The social imaginary within North American sport hunting has come to exist largely through popular media (Dunlap, 1988: 53–54; Loo, 2001: 102, 121). A national hunting culture took root in the United States as communication and transportation infrastructures connected dispersed markets for commerce in industrial manufactures – including print publishing (Herman, 2001: 98–100). That a community of hunters should cohere around values and not social status was a modern invention. The ideologies operative in pre-industrial America – including Protestantism and Enlightenment political economy – awarded no pride of place to either “backwoods hunters” or aristocratic “gentlemen-hunters.” While settlers asserted dominion over nature, and many subsisted by harvesting wild game for food or sale, ambivalence and opportunism, rather than stewardship or cultural heritage, defined hunting for most people. It was in the output of 19th century authors writing for a popular press, later amplified in magazines, film, and television, that a relatively coherent imaginary was assembled selectively from mythologies of heroic and self-sufficient frontier hunters, intrepid hunter-naturalists, and conservation-minded “sportsmen.”
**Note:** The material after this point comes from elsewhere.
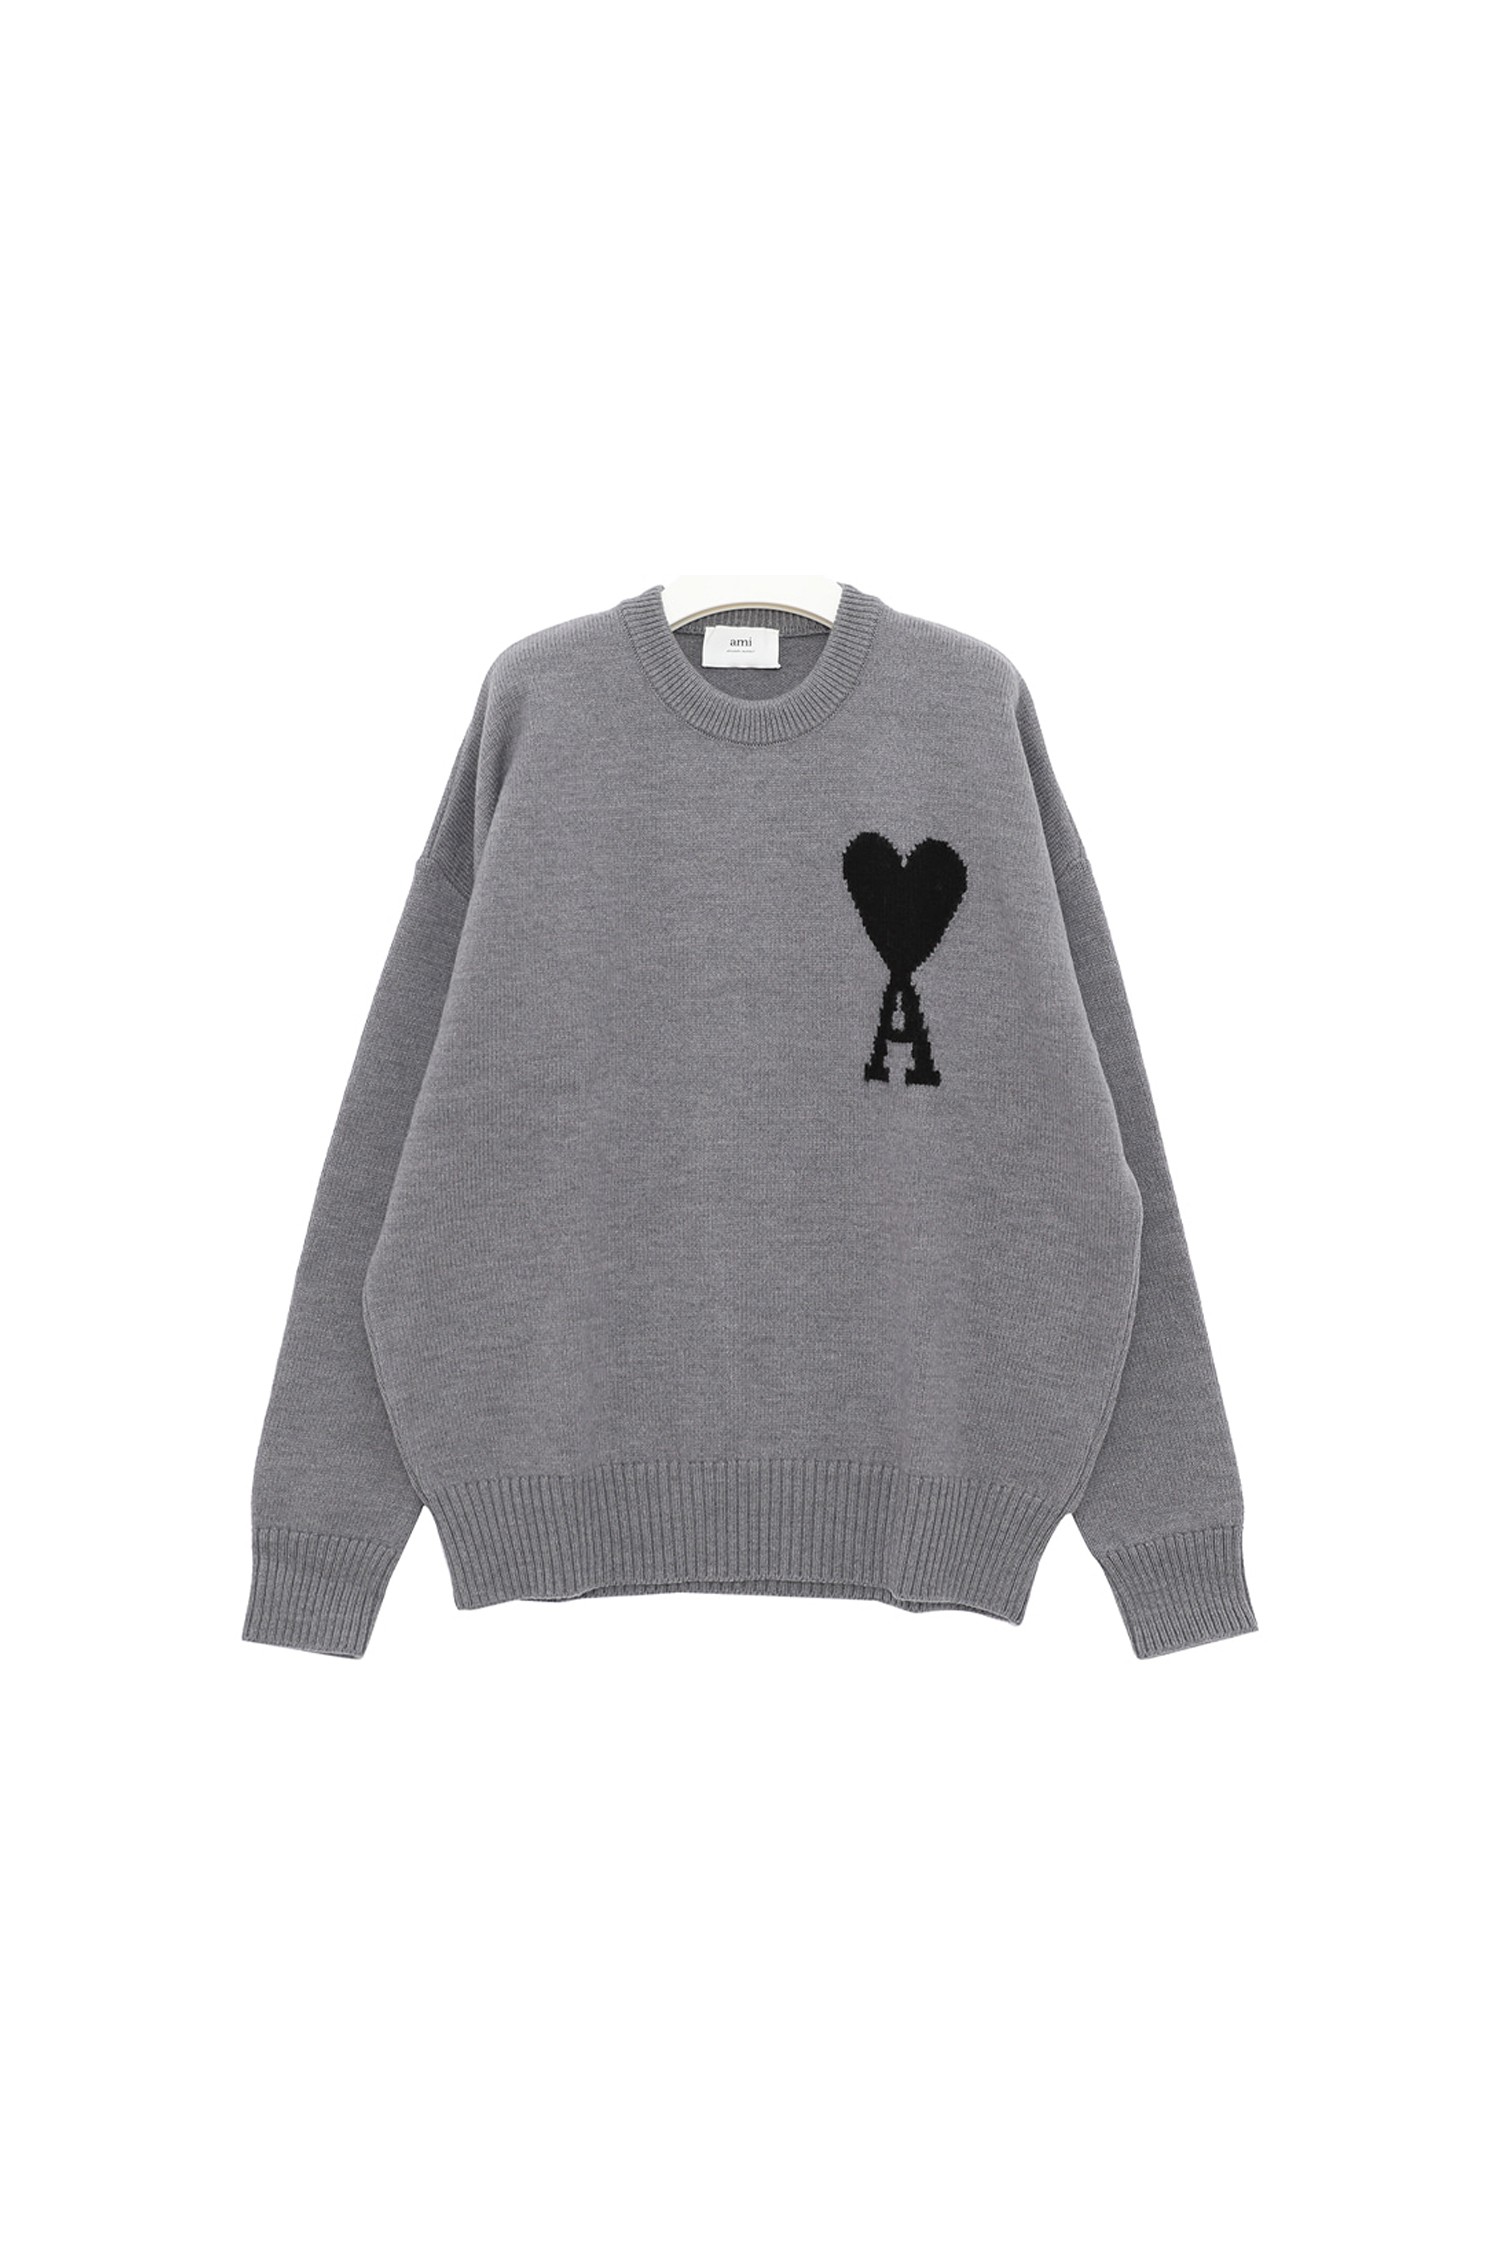 AMI】オーバーサイズインターシャセーター☆UKS002 018 154 (AMI PARIS

By the end of the 19th century, as industrialism, urbanization, and immigration urged (and responded to) transformations in economic and social conditions, an appetite for reclaiming a mythologized hunting heritage had spread among middle- and upper-class professionals who enjoyed sufficient political leverage to designate the outdoors for consumptive leisure. 3 Ironically, given this nostalgic impulse, modern techniques of management and marketing science helped to replace consumptive practices more typical of pre-industrial cultural and economic forms with a consumer culture that nurtured hospitality industries and a burgeoning retail sector serving the specialized needs of urban – dwelling sport hunters.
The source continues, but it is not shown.